**TASK PROMPT:**
Each line of the data below that carries the word "volume" needs to be copied.

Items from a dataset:
——

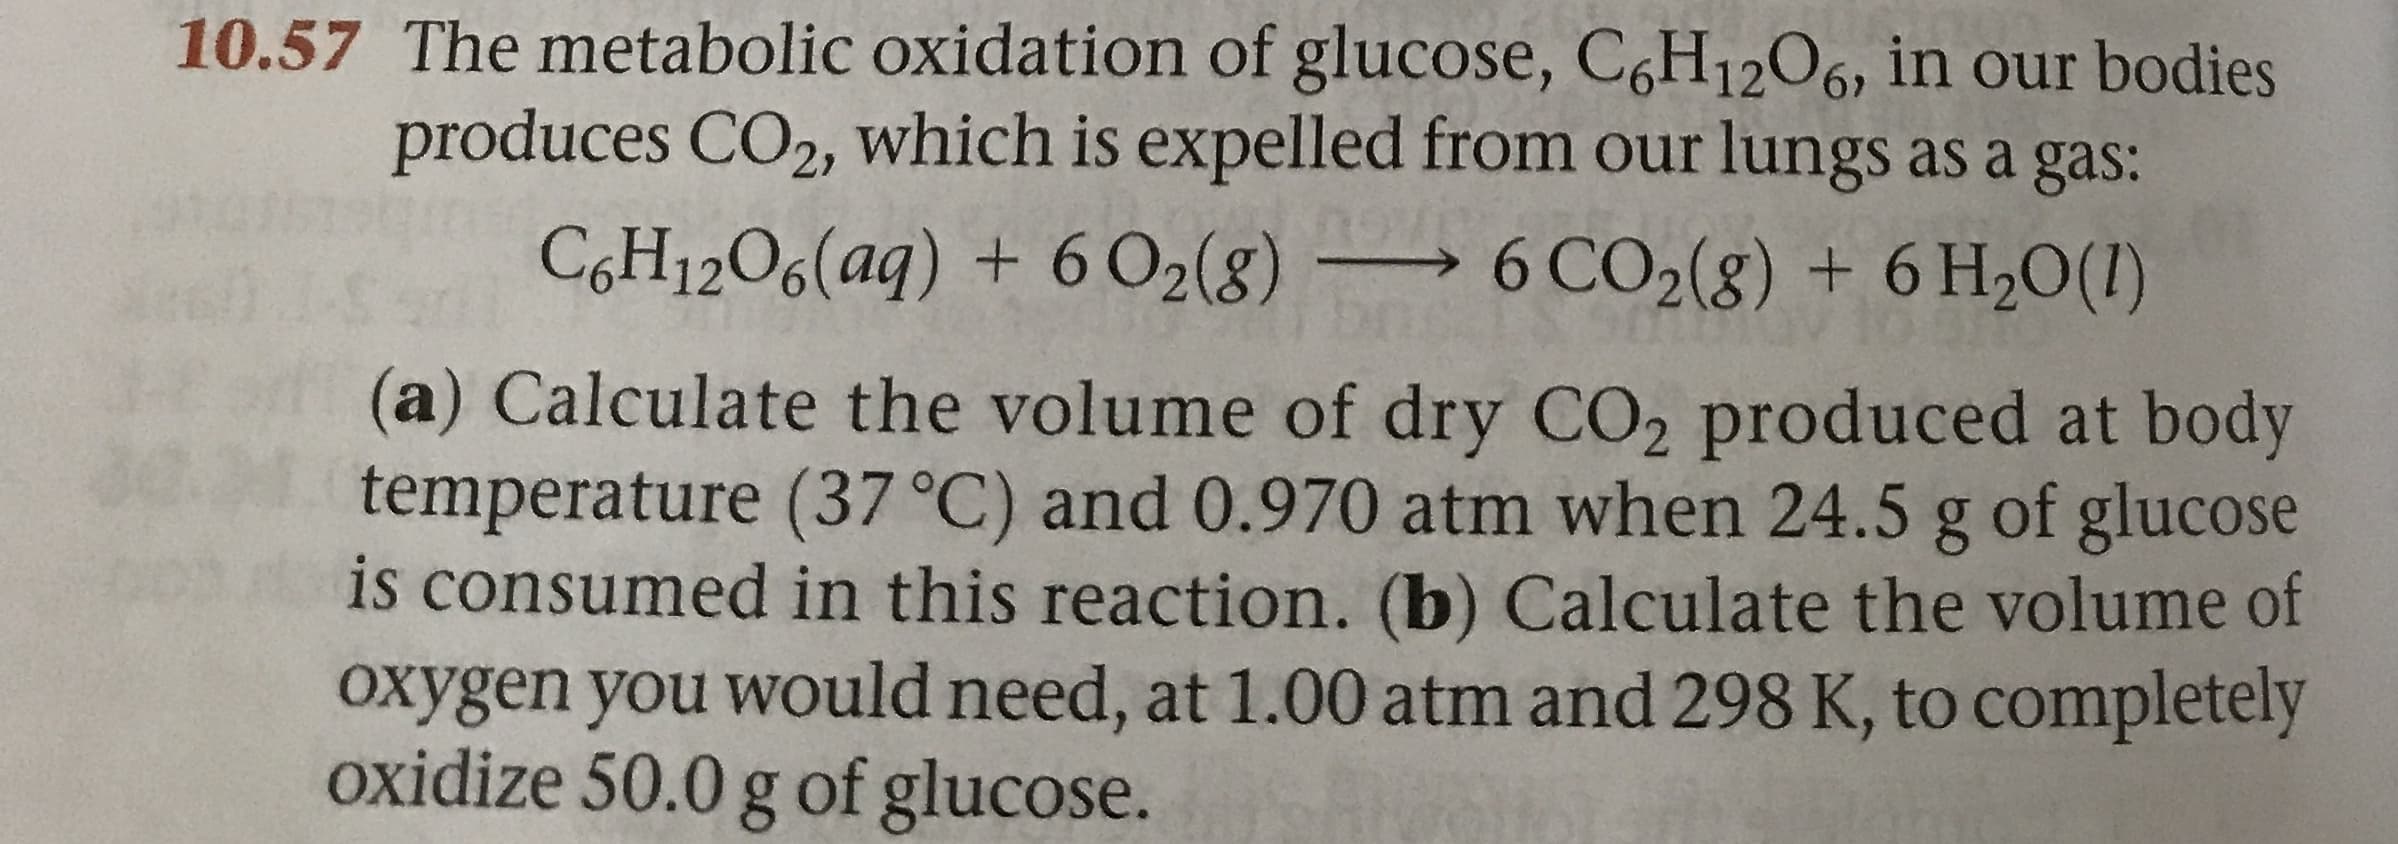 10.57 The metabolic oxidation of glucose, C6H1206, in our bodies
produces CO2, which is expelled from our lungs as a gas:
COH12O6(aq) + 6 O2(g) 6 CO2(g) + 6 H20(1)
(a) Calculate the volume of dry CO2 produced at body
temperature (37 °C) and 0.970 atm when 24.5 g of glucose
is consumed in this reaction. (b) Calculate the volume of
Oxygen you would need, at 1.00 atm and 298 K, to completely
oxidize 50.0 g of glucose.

——

**ANSWER SPACE:**
(a) Calculate the volume of dry CO2 produced at body
is consumed in this reaction. (b) Calculate the volume of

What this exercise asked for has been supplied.